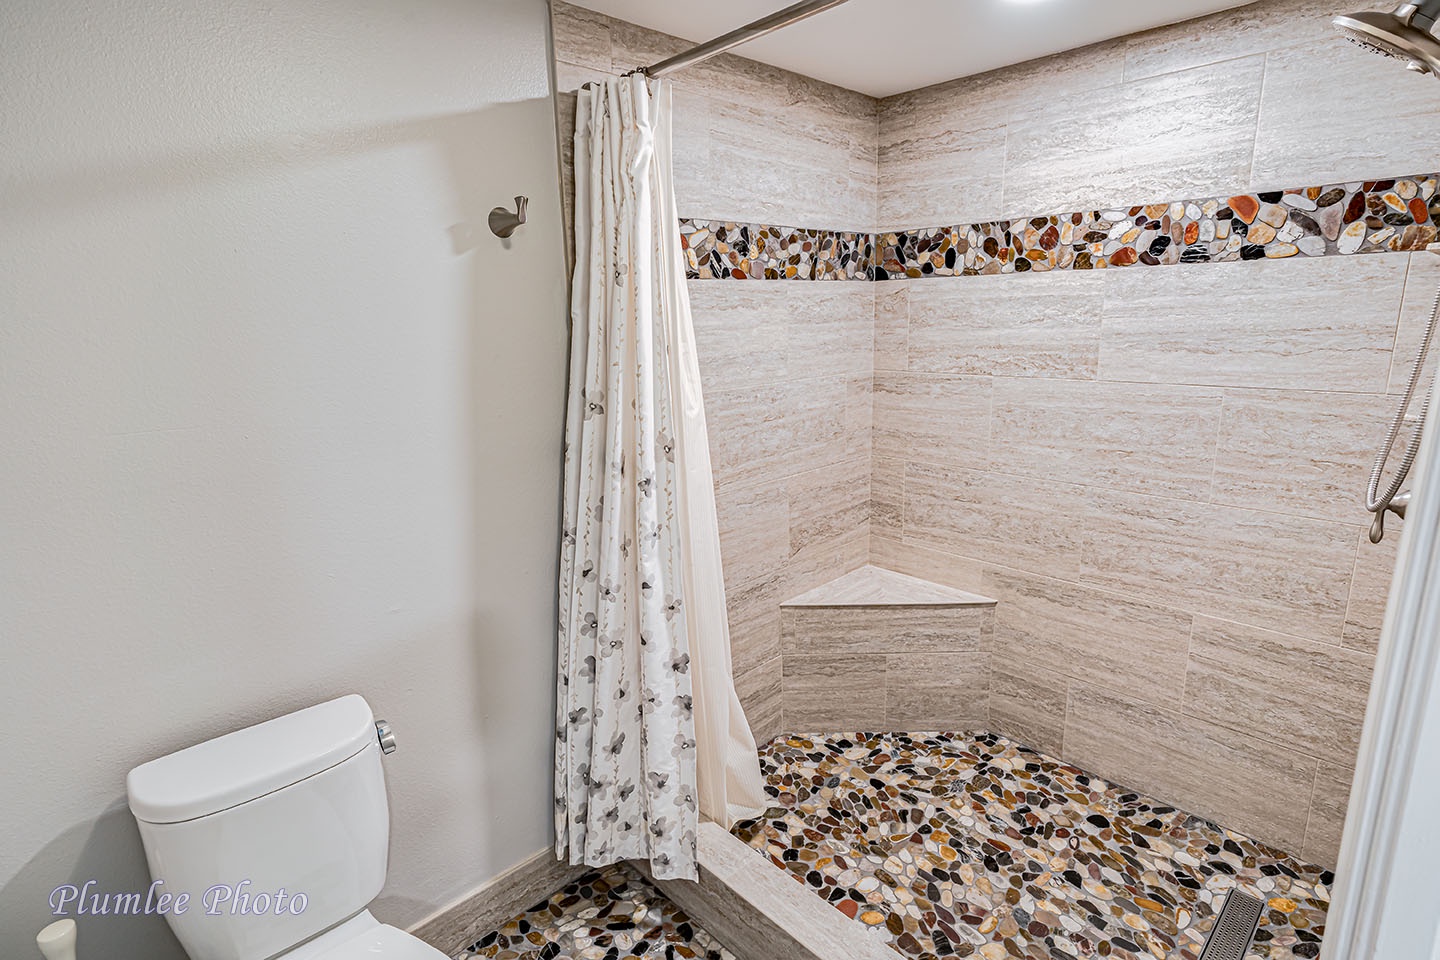 Very cool stone tile flooring in shower.
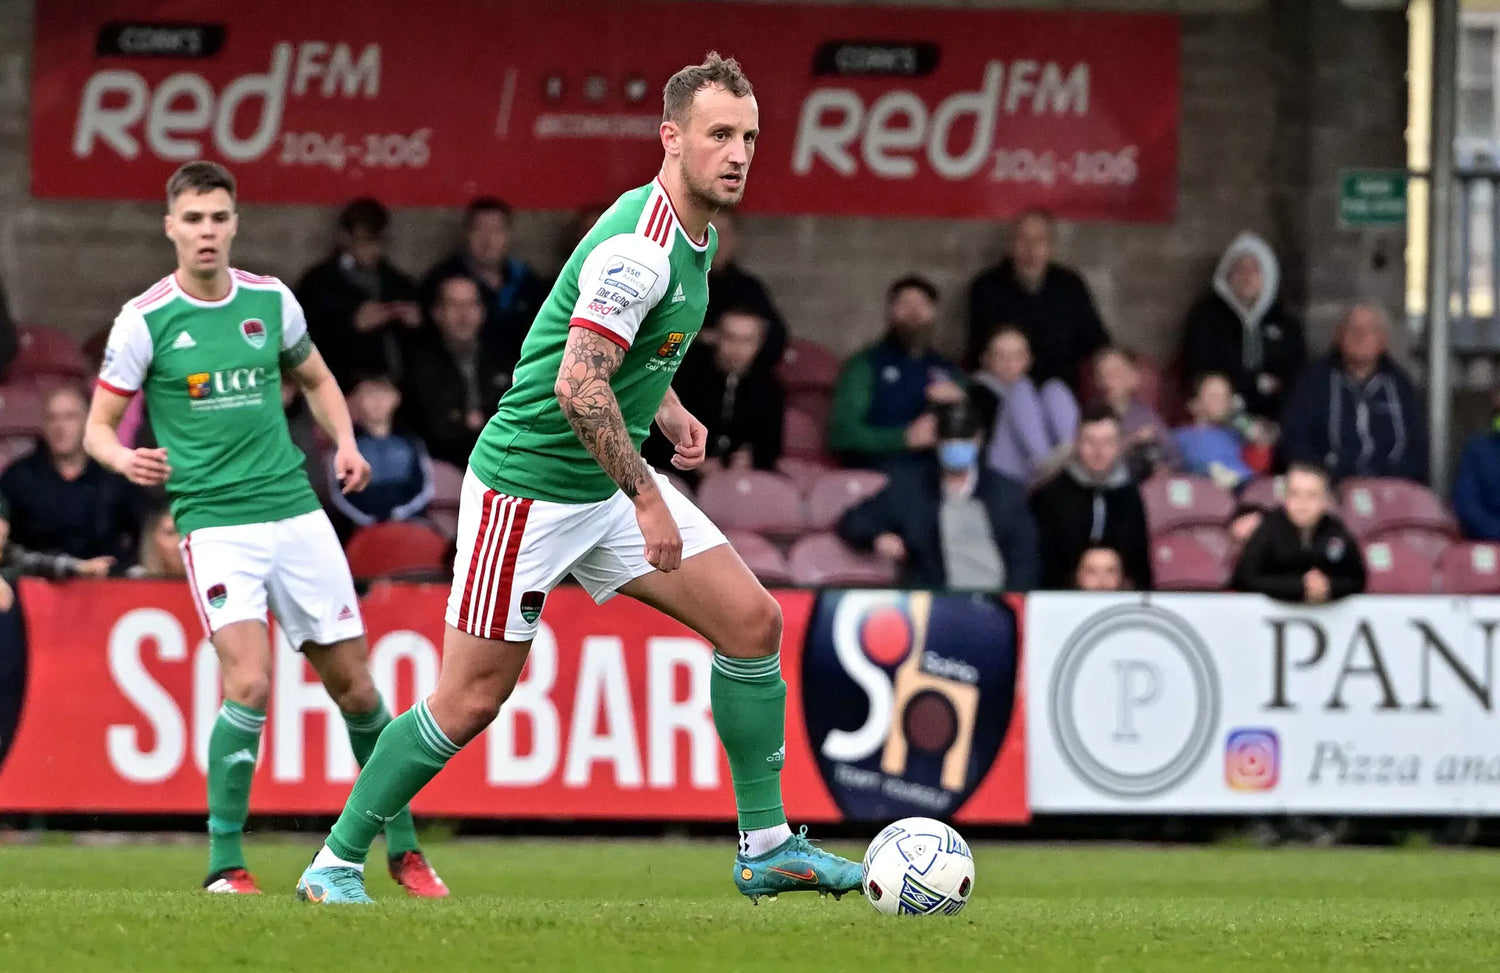 Preview: Bray Wanderers vs City
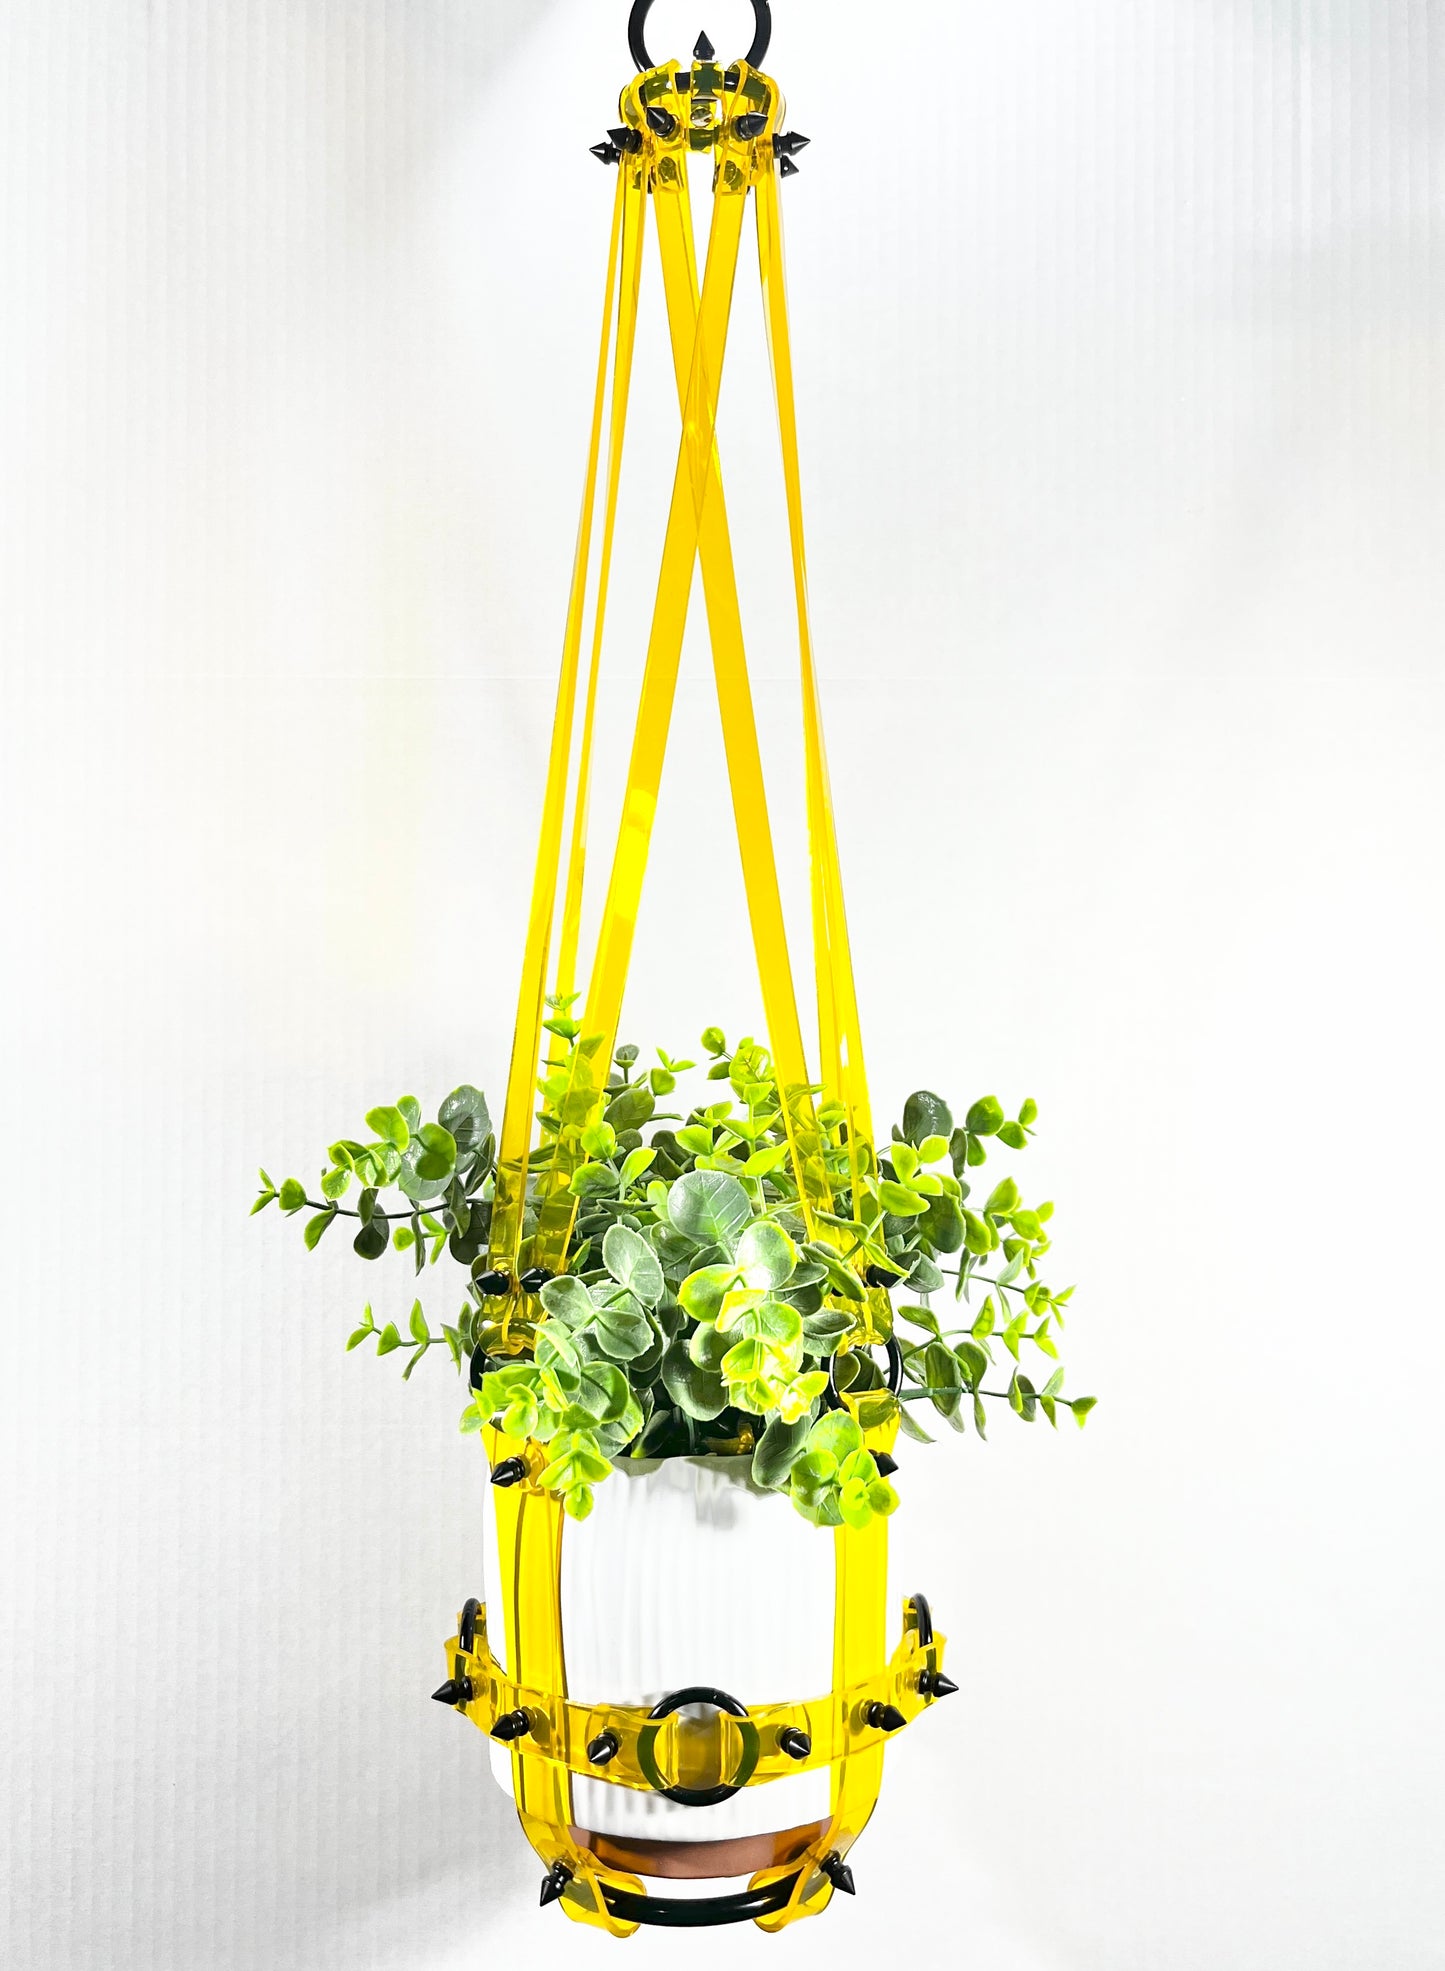 Basic Bitch 6" Plant Hanger in Clear Yellow

**Your assignment**
An exact reproduction of the material is needed, without its images.

**Written reply**
 Very cool stone tile flooring in shower.
 Preview: Bray Wanderers vs City
 Basic Bitch 6" Plant Hanger in Clear Yellow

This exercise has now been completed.